Dorota Formanowicz 1Elżbieta Pawliczak 2Irena Pietrzak 2

1. Univ. of Medical Sciences in Poznań, Dept. of Clinical Biochemistry, Grunwaldzka 6, Poznań 60-780, Poland
2. Univ. of Medical Sciences in Poznań, Dept. of Nephrology, Transplantology and Internal Medicine, Przybyszewskiego 49, Poznań 60-355, Poland

Abstract

The brain natriuretic peptide (BNP) is synthesized and released by cardiomyocytes in response to increased transmural wall stress. It is produced by ventricular myocytes as circulating propeptide (proBNP) and further processed to N-terminal proBNP (NT-proBNP). The increase plasma NT-proBNP concentration may be useful indicator for asymptomatic left ventricular dysfunction. This phenomenon is very important particularly in patients with end-stage renal disease, because heart failure is a leading cause of their death.

The aim of this study was assessing the NT-proBNP plasma concentration and finding the influencing factors on its plasma concentration in patients treated with maintenance haemodialysis (mHD).

Studies were taken on 66 mHD patients (mean duration of HD 47.35±37.12 months), 20 of them suffered from coronary artery disease. HD procedures were performed 3 times a week for 4 hours with polysulphone capillary dialyzers with a regiment of i.v. iron (112.52±15.25 mg per week) and i.v. rHuEPO (5392.85±3234.35 IU per week). Blood samples were drawn from fasting patients at the start of the second HD of the week. Reference values were obtained from 20 healthy volunteers (HV).

NT-proBNP and soluble transferrin receptor (sTfR) concentrations were assessed by ELISA method. The concentrations of selected hematological variables (RBC, HCT, HGB), total cholesterol, LDL-cholesterol, triglycerides (TG) and creatinine were evaluated by the routine laboratory tests.
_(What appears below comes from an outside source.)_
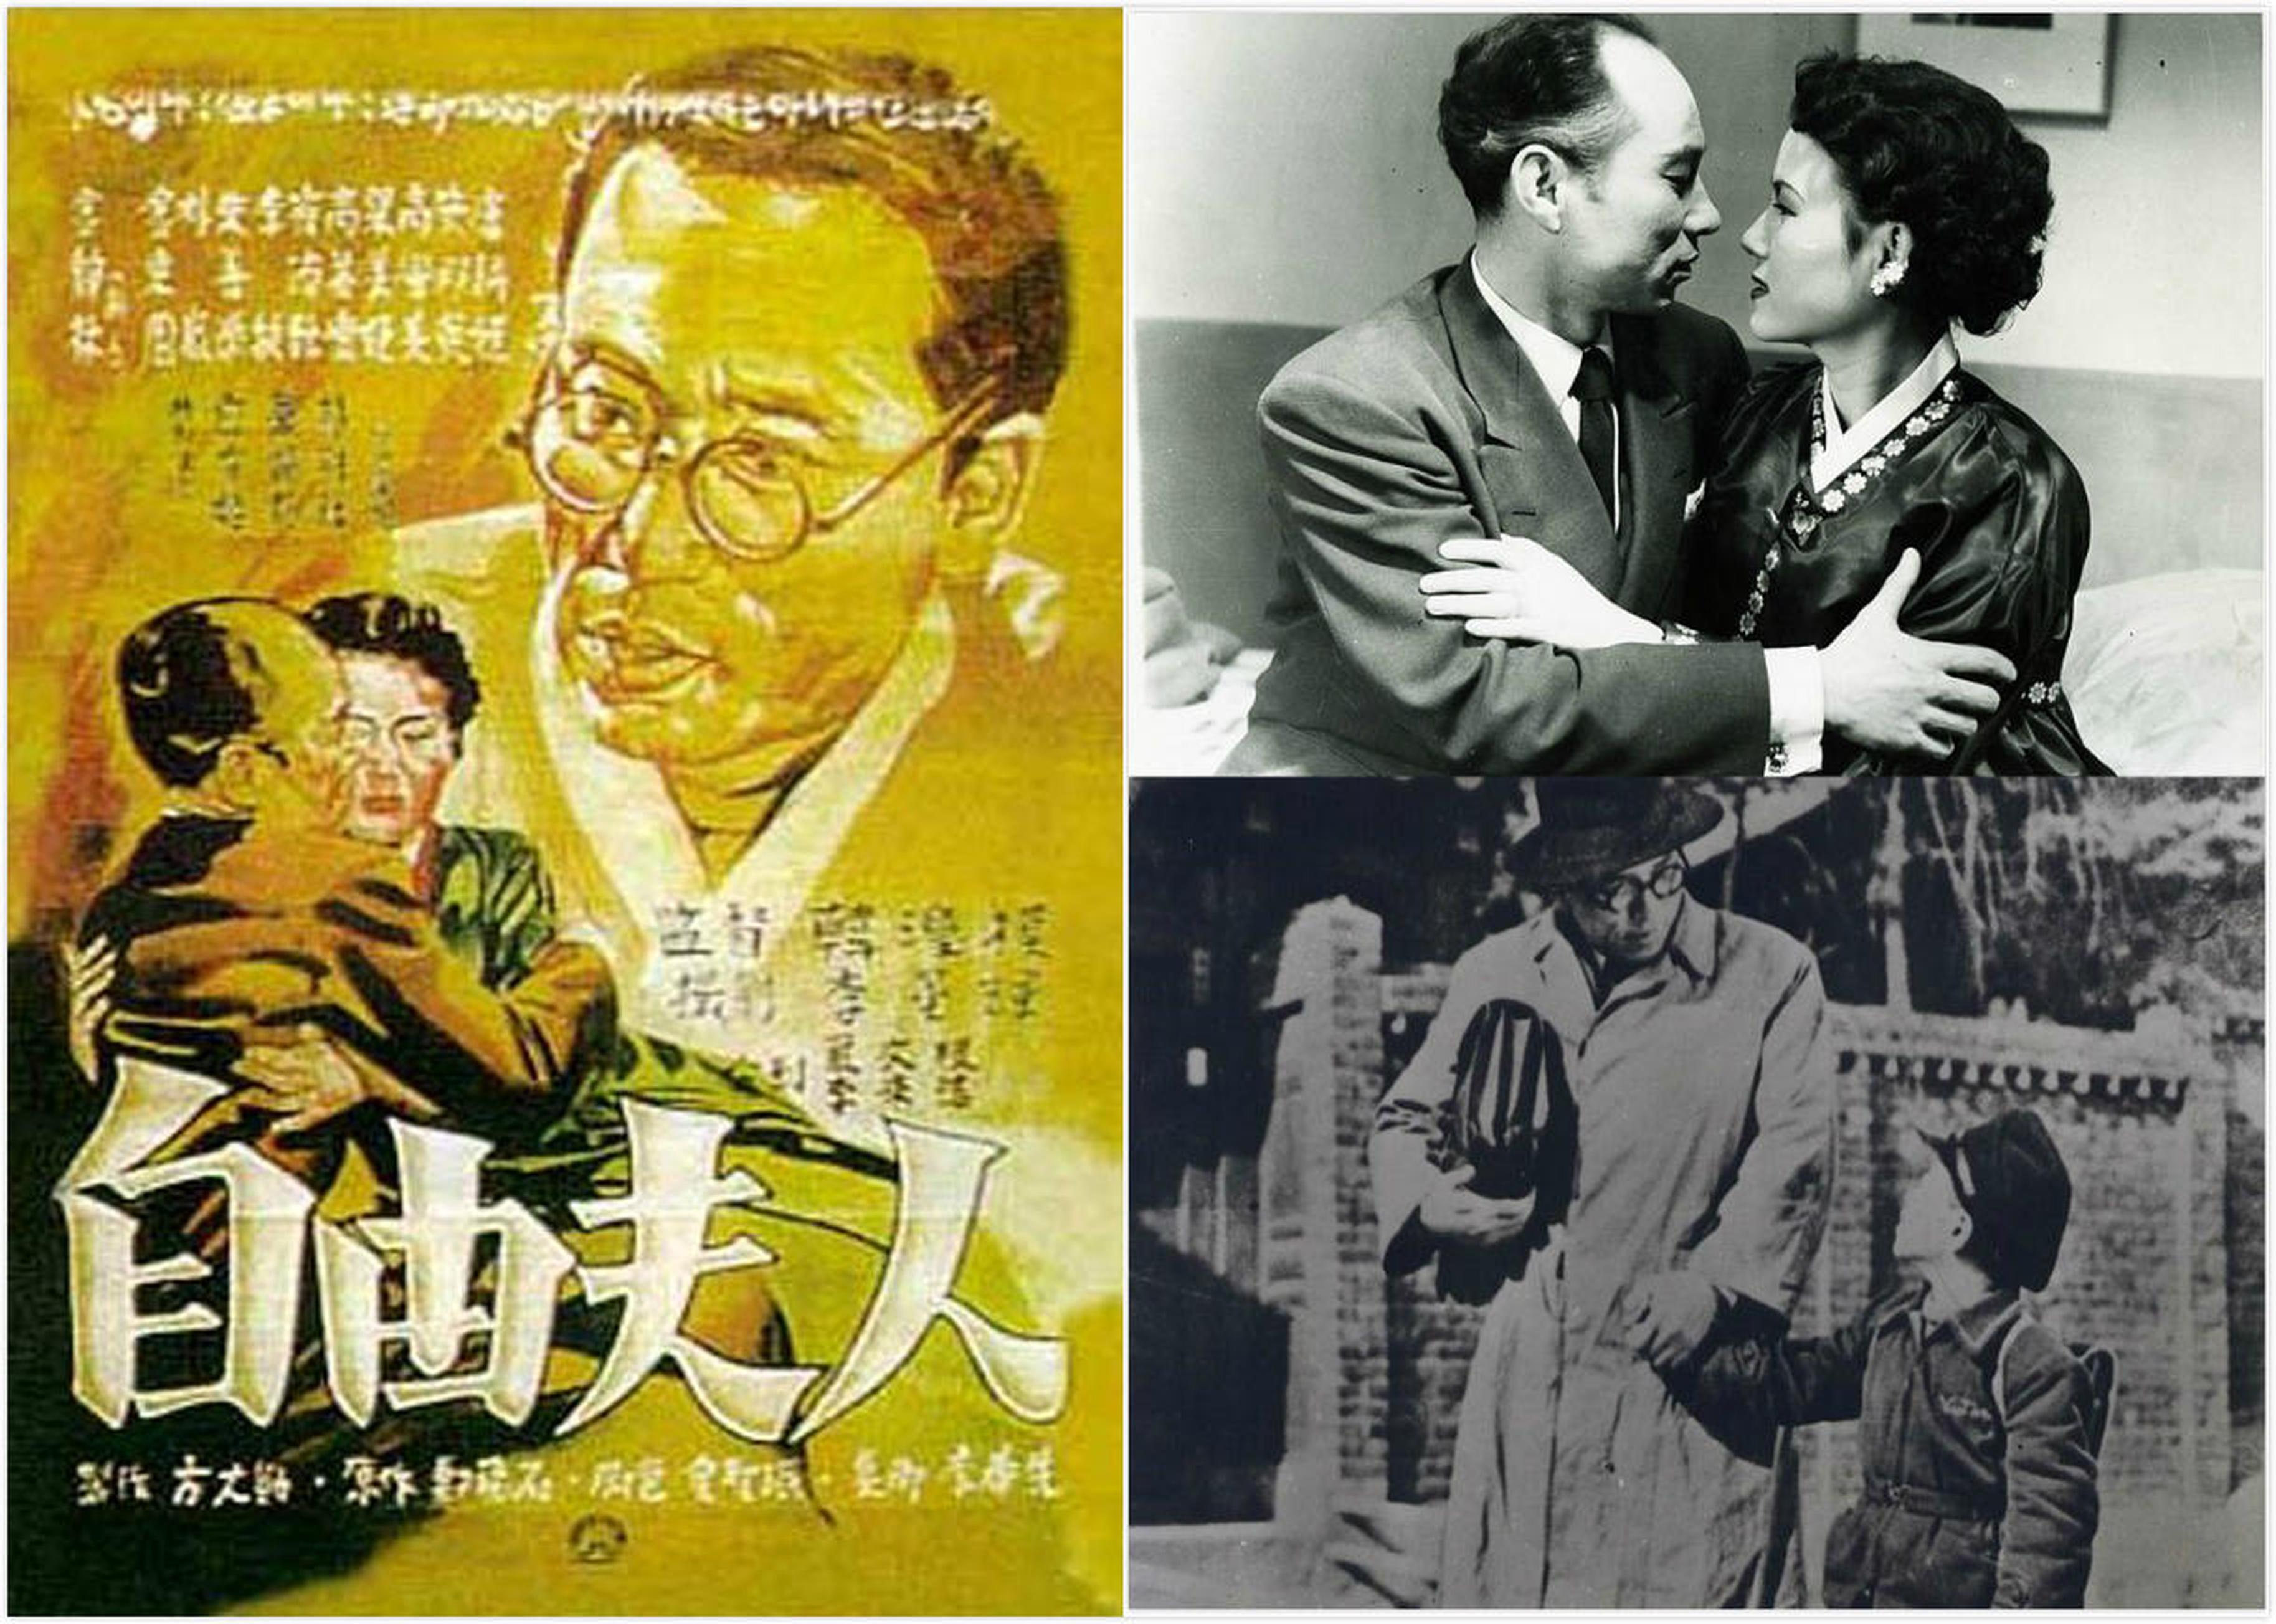 【1950-1960】《自由夫人》（1956）导演韩滢模。影片反映了解放后的韩国社会受到近代化、资本主义及西欧文化的复合影响，女性逐渐以独立的形象出现在人们视野当中，过去被强烈隐忍的原始性欲得到觉醒。

In mHD patients plasma concentration of NT-proBNP (152.2±68.6 fmol/ml) and sTfR (1.54±0.84 mg/ml) were significantly higher (p<0.05) in comparison to HV: NT-proBNP (35.6±21.3 fmol/ml) and sTfR (0.71±0.84 mg/ml). The values of RBC, HCT, HGB in serum were significantly (p<0.0001) lower in mHD than in HV group. Total cholesterol, LDL-cholesterol and TG were slightly (with no statistical significance (p=0.07)) decreased in mHD. The positive correlations between NT-proBNP and the presence of the coronary artery disease (r=0.19, p=0.01), duration of HD treatment (r=0.31, p<0.0001) and creatinine serm concentration (r=0.31, p<0.0001) were observed. Plasma concentration of NT-proBNP inversely correlated with total cholesterol (r=-0.55, p<0.0001), LDL cholesterol (r=-0.5, p<0.0001), RBC (r=-0.36, p=0.006) and HGB (r=0.041, p=-0,274). Between NT-proBNP and sTfR, TG no significant correlations were revealed.

Studied patients, especially those with coronary artery disease shoved the propensity to the high plasma NT-proBNP concentration The concentration of this parameter may be influenced by the duration of HD treatment and serum creatinine concentration. It is probably because it is cleared from plasma by renal secretion. The inverse correlations between NT-proBNP, selected haematological and lipids parameters suggest that anaemia and malnutrition, atherosclerosis and inflammation syndrome may be another factor influencing NT-proBNP.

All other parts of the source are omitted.